Видя, что ей не уломать Алёну Фёдоровну, богатая родственница поступила иначе. Она отдала всё Ивану.
Ночью, когда все спали, Иванко разбудил мать.
- Что тебе, сынок? Проводил барыню?
- Проводил, маменька. У меня дело к тебе. Встань, поговорить надо.
- Хорошие дела при Божьем свете делаются, а не в ночной тьме.
Привёл Иван мать в чулан.
- Маменька, вот и нам счастье привалило, - торопясь и обжигаясь словами, заговорил Иванко. - Здесь целая тысяча целковиков! - раскрыл он знакомый Алёне Фёдоровне сундучок. Подумать только, целый клад. Ну, теперь я развернусь, наконец, - потирал он руки. - Маменька, баба Дуня ещё обещала!
Вот почему так болело сердце Алёны Фёдоровны. Чуяло оно, что не к добру этот приезд. С детских лет Алёна Фёдоровна усвоила: где золото, там несчастье. А эта барыня-крестьянка припёрлась со своим богачеством и всучила-таки золото бедному Иванку.

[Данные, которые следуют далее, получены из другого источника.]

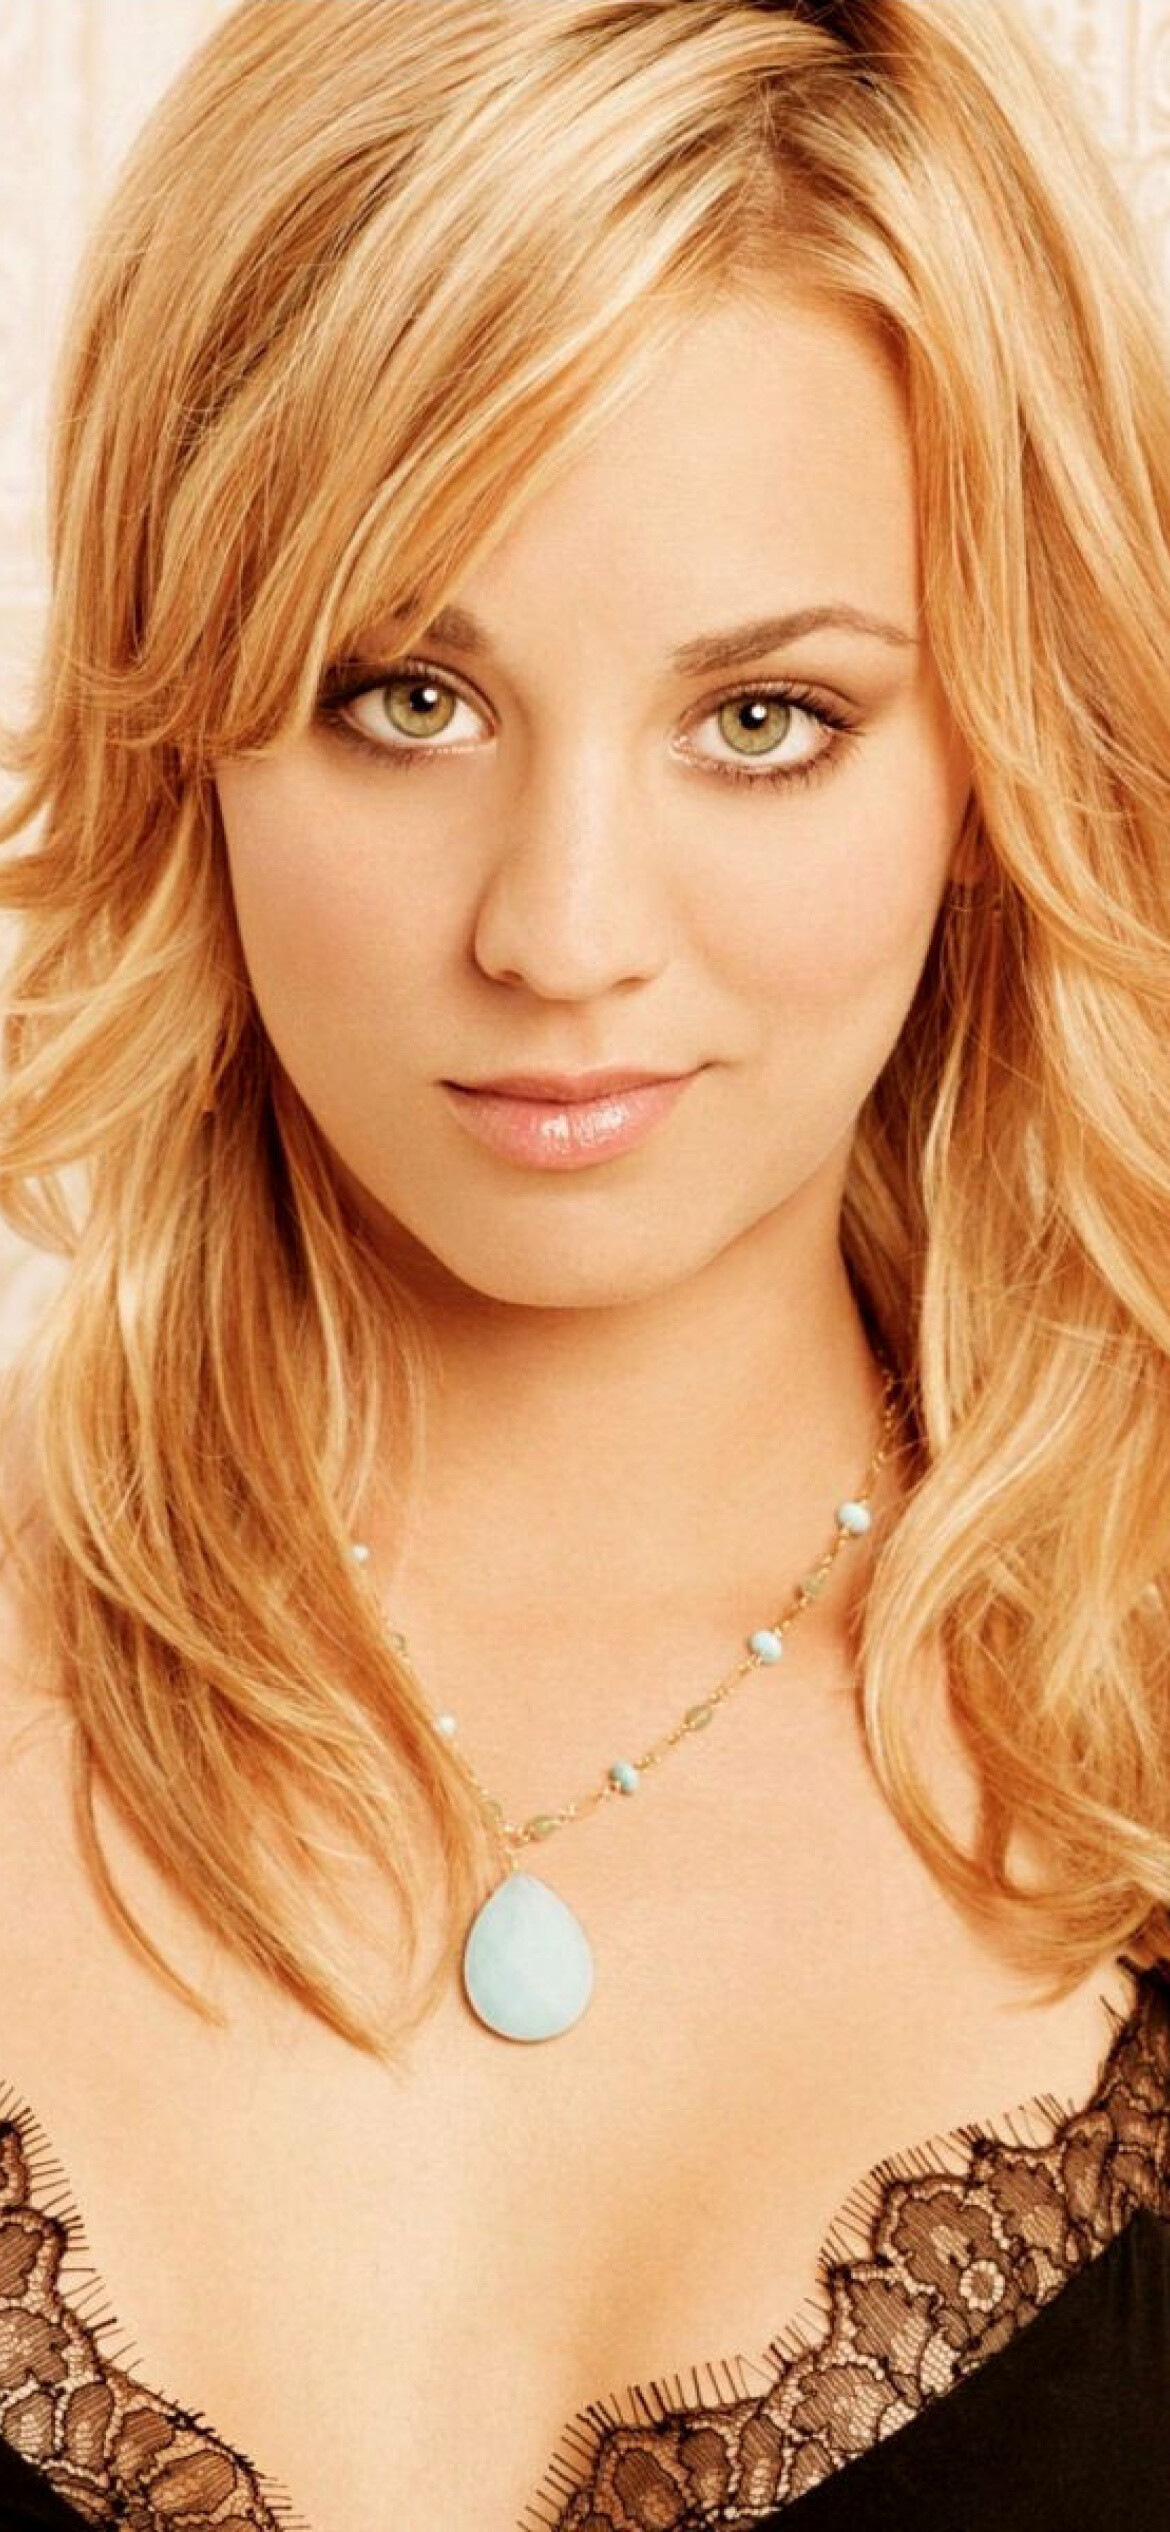 The Big Bang Theory: Kaley Cuoco as Penny, An aspiring actress from Omaha, Nebraska. 1170x2540 HD Background.

- Ещё покойный Шабров, мой благодетель, пророчил мне широкую дорогу. Я, маменька, думаю, как Пурусовы, завести сапоговаляльное производство. Ну, братец-сибиряк, держись!
Не уберегла Алёна Фёдоровна сына от золотого соблазна. И как теперь быть, не знала. Одно понимала: если она сейчас оставит всё, как есть, пропадёт любимец-сын.
Как отвести от семьи золотую беду? Предчувствовала, что сын добром не уступит. Какой бедняк откажется от "клада"? Золото… Тысяча червонцев… Сказать: выброси - сочтёт за дурочку. Да и никто такого совета не примет. Все в этом мире хотят стать богатыми. А в золоте этом - погибель. И надо старой матери спасать сына от лёгкого богатства. И чего он, её кровинушка, любимец и надёжа семьи, так помешался на богатстве? От купцов набрался?
- Вот засыплешь меня землицей-матушкой, тогда и начинай своё "дело", сын мой, - заговорила она с придыханием и, не торопясь, сокрушённо покачала распатланной головой.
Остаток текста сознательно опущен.